======== Data to use

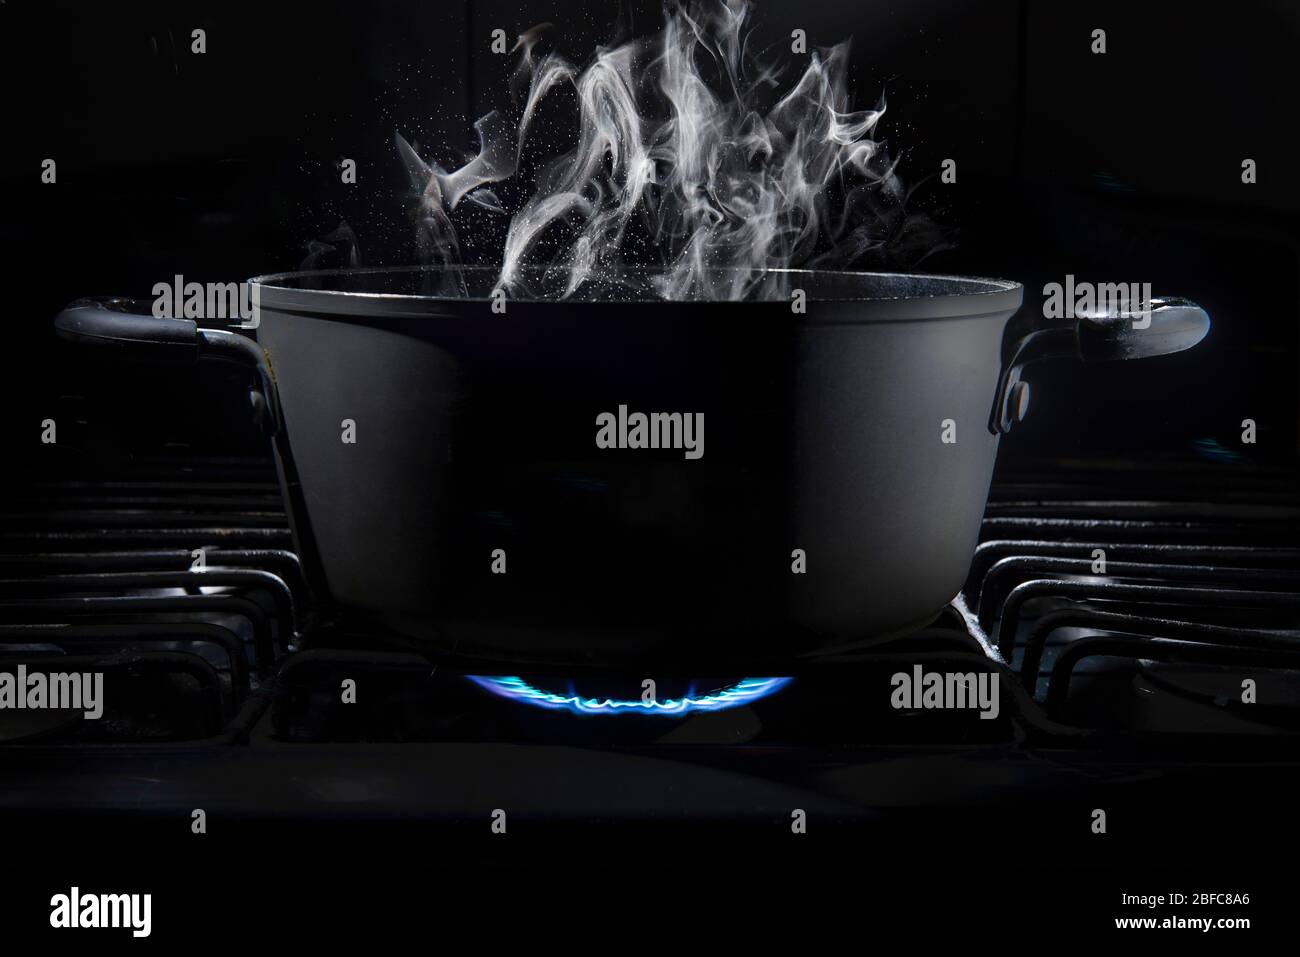 Cooking pot on stove fire with food inside in a dark kitchen and a black background with steam coming out of the cooking pot, low key light. Stock Photo
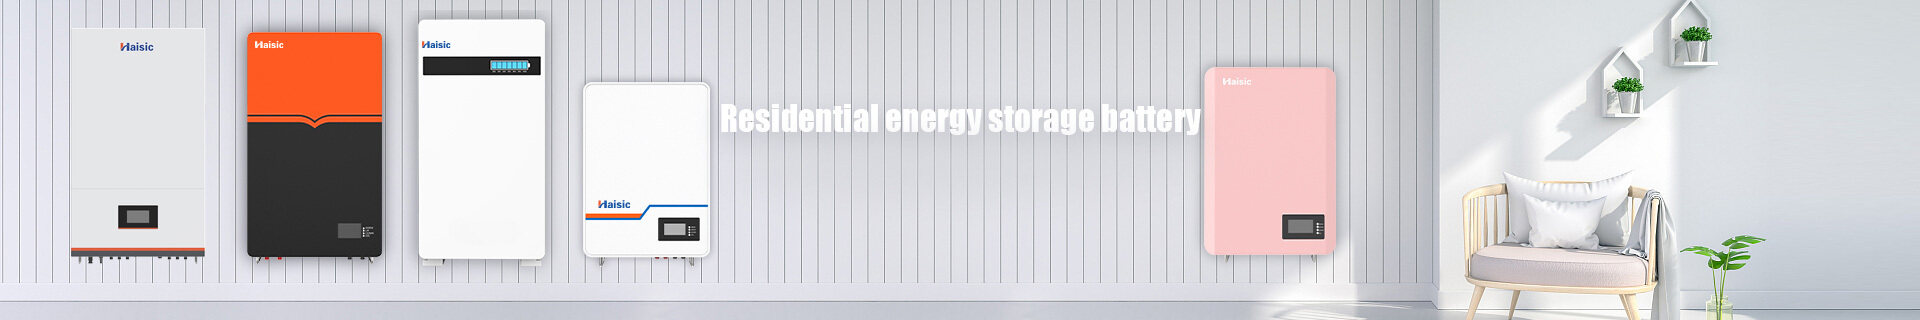 solar storage battery for home, solar energy storage for homes
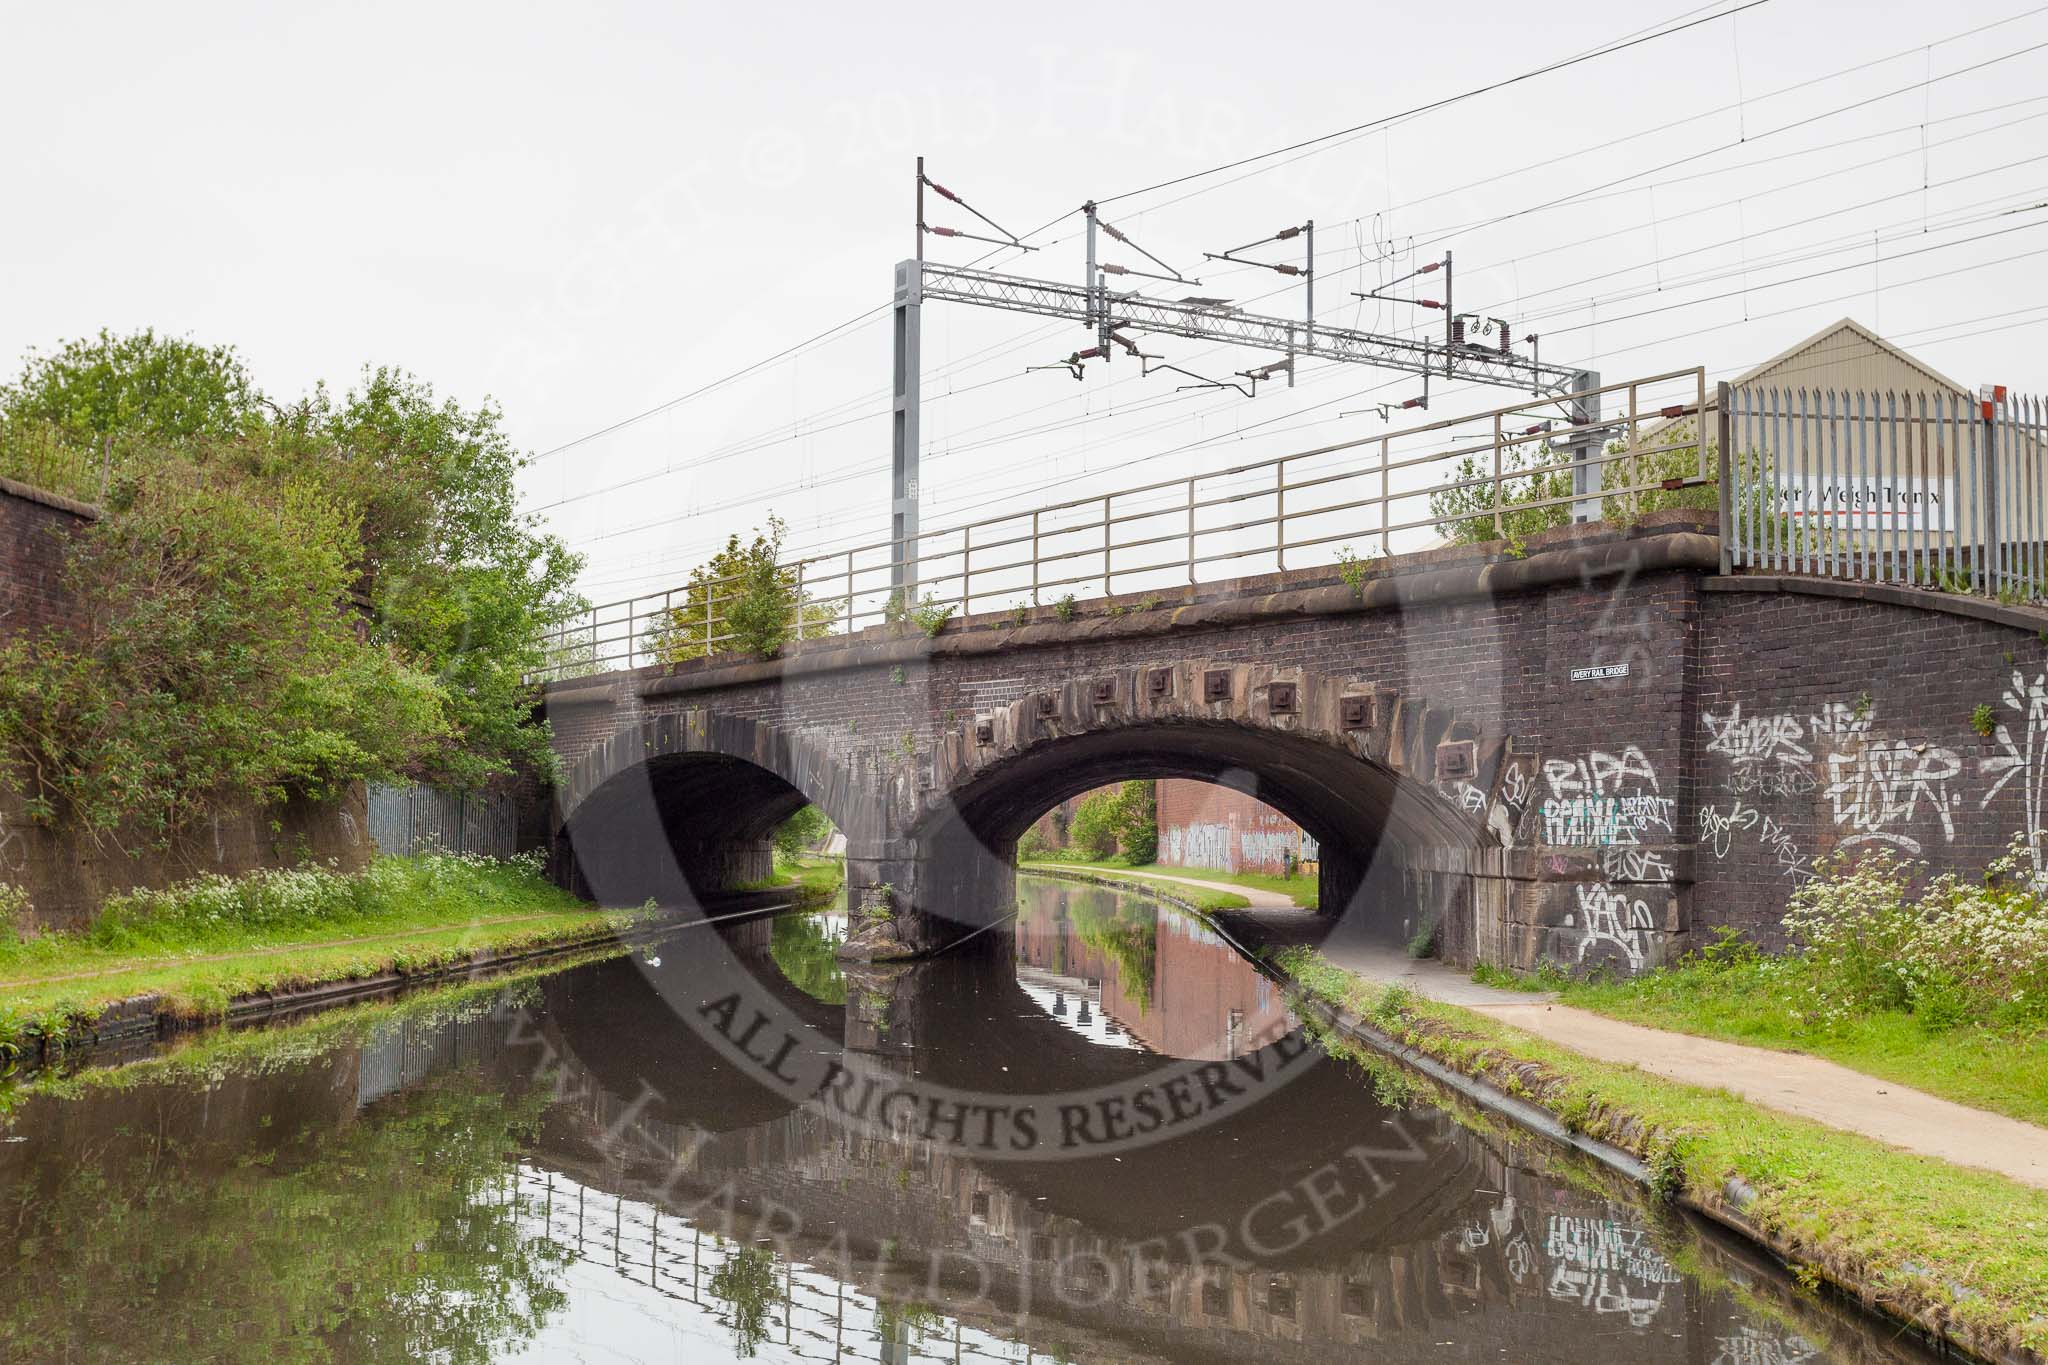 BCN 24h Marathon Challenge 2015: Avery Rail Bridge over the BCN New Main Line. The bridge is also called Soho Rail Bridge. Parallel to the canal on the right was a small loop than ran past Soho Foundry. The company was later aquired by Avery, and the loop became Avery's Basin.
Birmingham Canal Navigations,



on 23 May 2015 at 09:57, image #46

================

Skip the images and restate each record above word for word.

 Cooking pot on stove fire with food inside in a dark kitchen and a black background with steam coming out of the cooking pot, low key light. Stock Photo
 solar storage battery for home, solar energy storage for homes
 BCN 24h Marathon Challenge 2015: Avery Rail Bridge over the BCN New Main Line. The bridge is also called Soho Rail Bridge. Parallel to the canal on the right was a small loop than ran past Soho Foundry. The company was later aquired by Avery, and the loop became Avery's Basin.
Birmingham Canal Navigations,



on 23 May 2015 at 09:57, image #46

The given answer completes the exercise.